Opinion: Advisor dinners should not happen during family style slots

By: Jessica Cha’17
Staff Writer

Family style serves as a source of pride.
Students and faculty have formed close-knit relationships through family style dinners that other schools do not have, and these close relationships have become an essential part of the community. Not only do they help students generate new and old friendships, family style dinners prepare students for formal dinners in the future. It is often questioned whether or not some family style dinners should be replaced with advisory dinners. It is essential to meet with advisors and advisory groups, but family style should not have to be eliminated to accommodate those times.

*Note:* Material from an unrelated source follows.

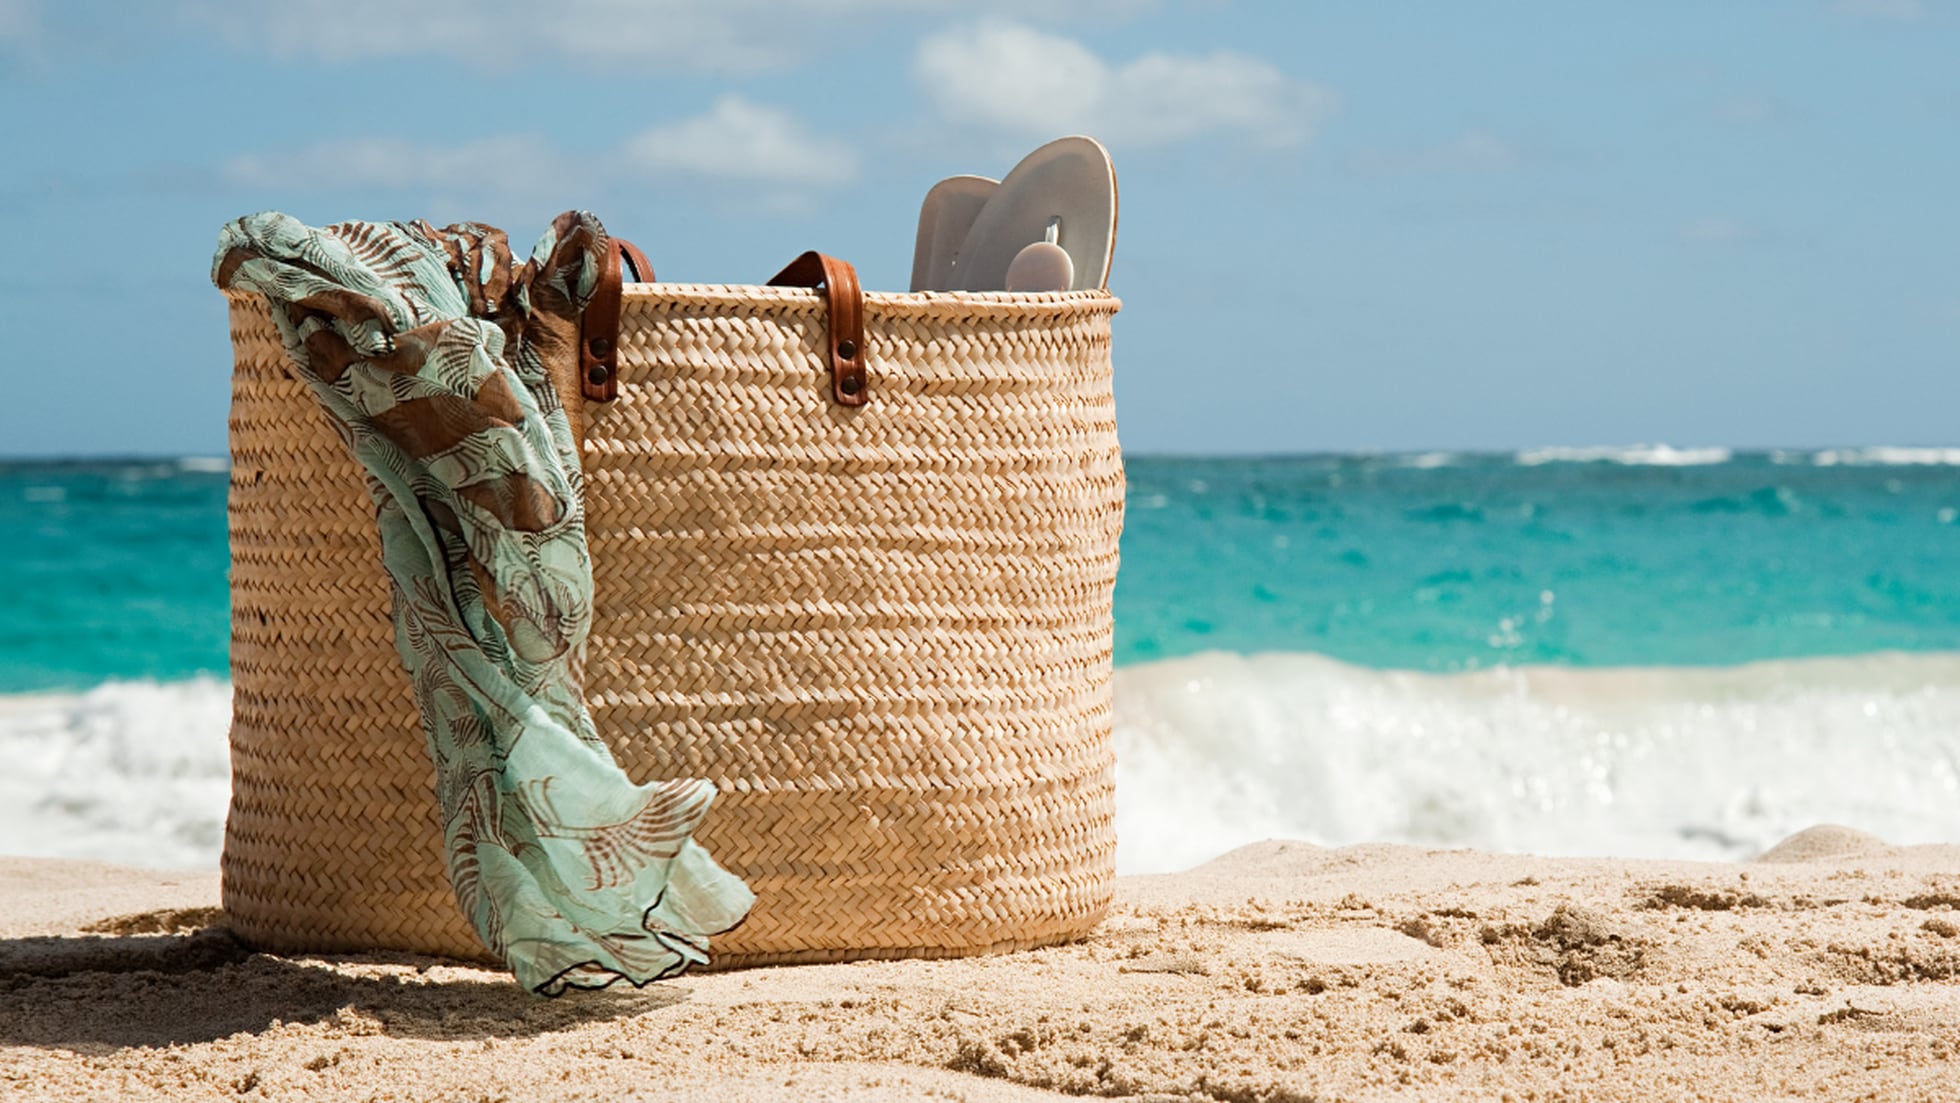 Desafío Sábana matriz Las mejores bolsas para la playa | Escaparate | EL PAÍS

Family style is a time to enforce the bonds students already have with their peers, and to create new ones. The tables rotate every three weeks to give students enough time to bond with the people they meet, yet still continue meeting new students. During family style dinners, people of all grades sit down and enjoy a meal together. The teachers are also required to attend the dinners for exactly one trimester. This makes it possible to meet faculty members from different fields and parts of the campus. Family style dinners have been the main contributor in giving students and teachers the opportunity to really interact with each other.

“I have met so many of my closest friends through family style,” Jiehan Zheng ’14 said. “It is also a great time for me to connect with old and new teachers.”

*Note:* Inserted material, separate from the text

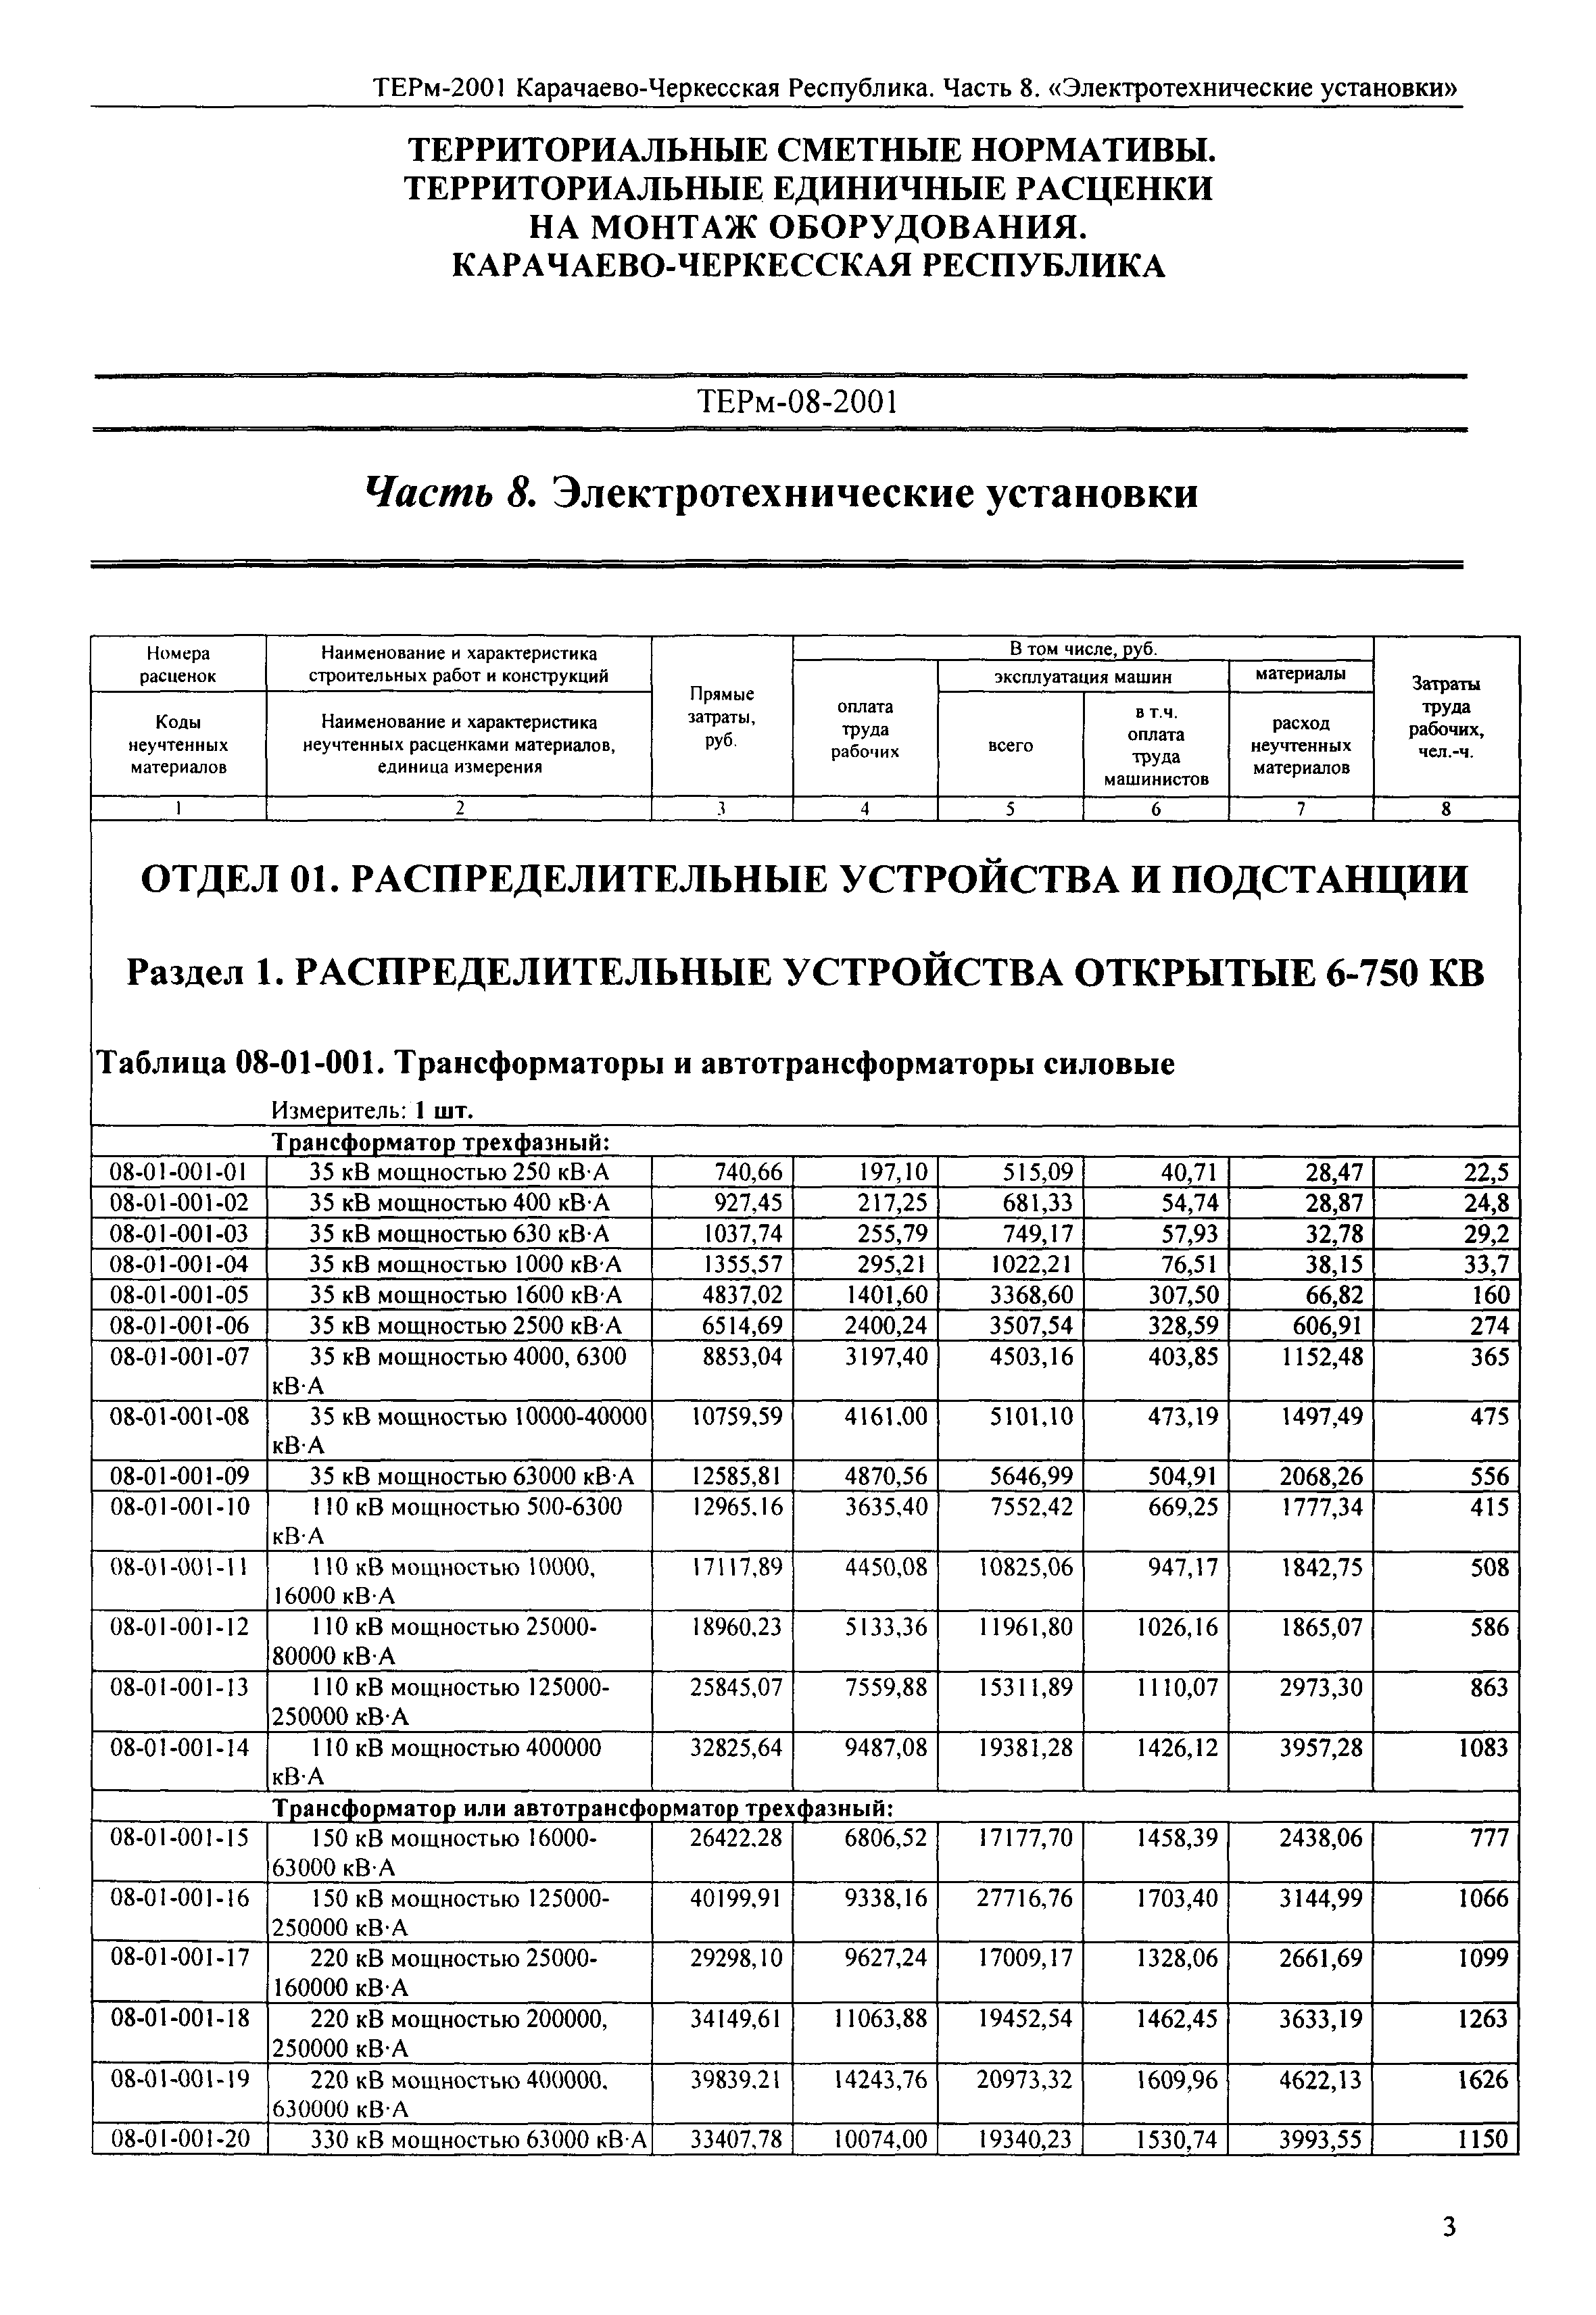 ТЕРм Карачаево-Черкесская Республика 08-2001

“I like how we are assigned tables, because we get to know people who we wouldn’t normally talk to,” Jocelyn Ng ’14 said.

“I was so scared during my first rotation. I didn’t know what to wear, to say, to act, or to do,” Christine Ayoh ’17 said. “I was so nervous, but then I met so many new people that were so kind to me. I immediately felt welcome and I enjoy family style now.”

In addition to the relationships formed in family style, it also offers students the opportunity to practice for college and even job interviews. Course meals are served by student waiters and everyone attends family style dinners dressed in formal attire. As a freshman, this is intimidating at first, but soon students become accustomed to how family style works. Teachers and students easily converse about topics ranging from favorite Disney movies and favorite subjects to hopes for the future.

“I feel so prepared for my future interviews now,” Tanvi Dange ‘17 said. “Family style has really helped me to open up to new people. Family style will definitely be the tradition I will miss the most about my experience at Peddie.”

“I really love interacting with the new people around me, and I have been able to meet people from all different grades thanks to family style,” Ayoh’17 said.

In conclusion, some family style dinners should not be replaced with advisory dinners. Each family style dinner has really been beneficial for the community, and students consistently look forward to the new table rotations. It has become the primary time for students and teachers to get to know each other and to become comfortable with each other.